Le plasma et le fluide interstitiel sont des tissus riches en proteines solubles. En conditions physiologiques, ces protéines extracellulaires ne sont pas utilisées comme sources d’acides aminés. En revanche, les mutations acquises par les cellules tumorales, telles que RAS et c-SRC, permettent leur utilisation. Contrairement à l'absorption de nutriments de faible poids moléculaire qui entrent dans la cellule par des transporteurs dédiés, la capture de macromolécules extracellulaires est possible par macro-pinocytose, processus lors duquel le liquide extracellulaire est absorbé par des vésicules géantes. Ces vésicules fusionnent avec des lysosomes à l’intérieur de la cellules et les protéines solubles sont soumises à une dégradation protéolytique, libérant ainsi des acides aminés libres 262,300. Ceux-ci peuvent également être obtenus suite à l’absorption et la digestion de cellules vivantes entières par entose (cannibalisme cellulaire), ou par phagocytose de corps apoptotiques des cellules environnantes. Les cellules digérées fusionnent également avec

des lysosomes et libèrent des acides aminés nécessaires à la survie et la prolifération des cellules transformées, notamment en conditions de pénurie nutritive 262,300.

En outre, lors de longues périodes de privation en nutriments ou facteurs de croissance, les cellules tumorales activent le processus auto-catabolique de macro-autophagie. Ce processus permet de récupérer des substrats importants pour la synthèse de macromolécules et le fonctionnement cellulaire, après dégradation d’organites. En condition normale, seuls les organites endommagés ou les protéines aberrantes sont recyclées. Toutefois, les cellules cancéreuses utilisent ce mécanisme comme une adaptation métabolique aux conditions de stress 55. Les macromolécules intracellulaires et organites entiers sont enveloppés par des structures à double membrane qui fusionnent avec les lysosomes, puis subissent une dégradation protéolytique afin de libérer les acides aminés et acides gras libres. Par exemple, les cellules HeLa activent la voie PI3K/AKT qui induit l’autophagie et favorise la survie cellulaire vis-à-vis des différents stress, dont la privation en nutriments 302. Par exemple, ce processus permet l’apport en glutamine dans le cas du cancer du poumon 303.

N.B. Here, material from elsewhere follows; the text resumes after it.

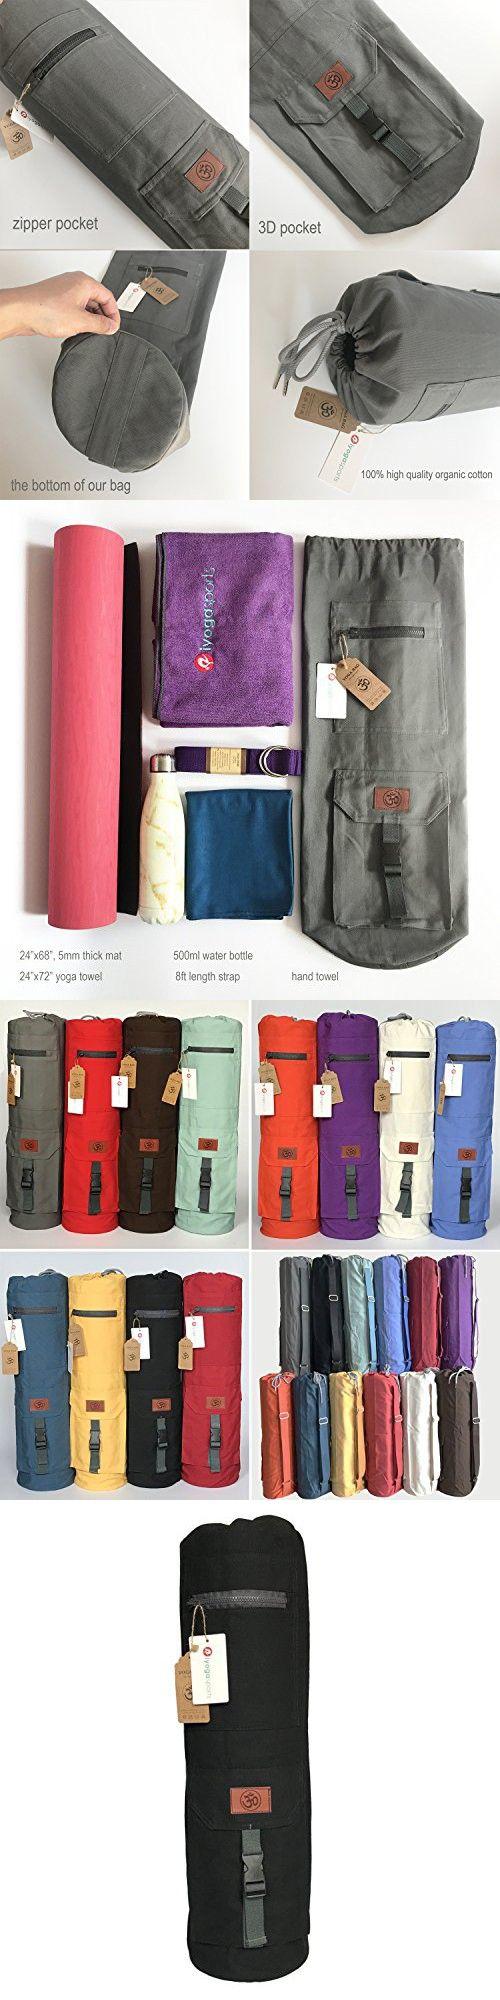 100 Organic Cotton Yoga Bag Diameter 7 X Height 27 5 Black Color Yoga Bag Price Only Yoga Mat Bag Mat Bag Bags

Les cellules tumorales utilisent donc des modes d'acquisition de nutriments opportunistes, engendrant leur survie et prolifération malgré des conditions environnementales métaboliquement défavorables. Ces adaptations impliquent une capacité à accéder à des sources de nutriments normalement inaccessibles, et récupérer des molécules pré-maturées lorsque leur synthèse dans la cellule est compromise. Pour conclure, les interactions réciproques entre les cellules cancéreuses et leur micro-environnement imposent une pression sélective qui modifie davantage le métabolisme des cellules malignes et contribue activement à l'émergence d'un état plus agressif 262. Enfin, des études préliminaires suggèrent que les métabolites produits par le microbiote, “organe oublié” de l’organisme, contribuent à l’initiation et à la progression d’une tumeur 301.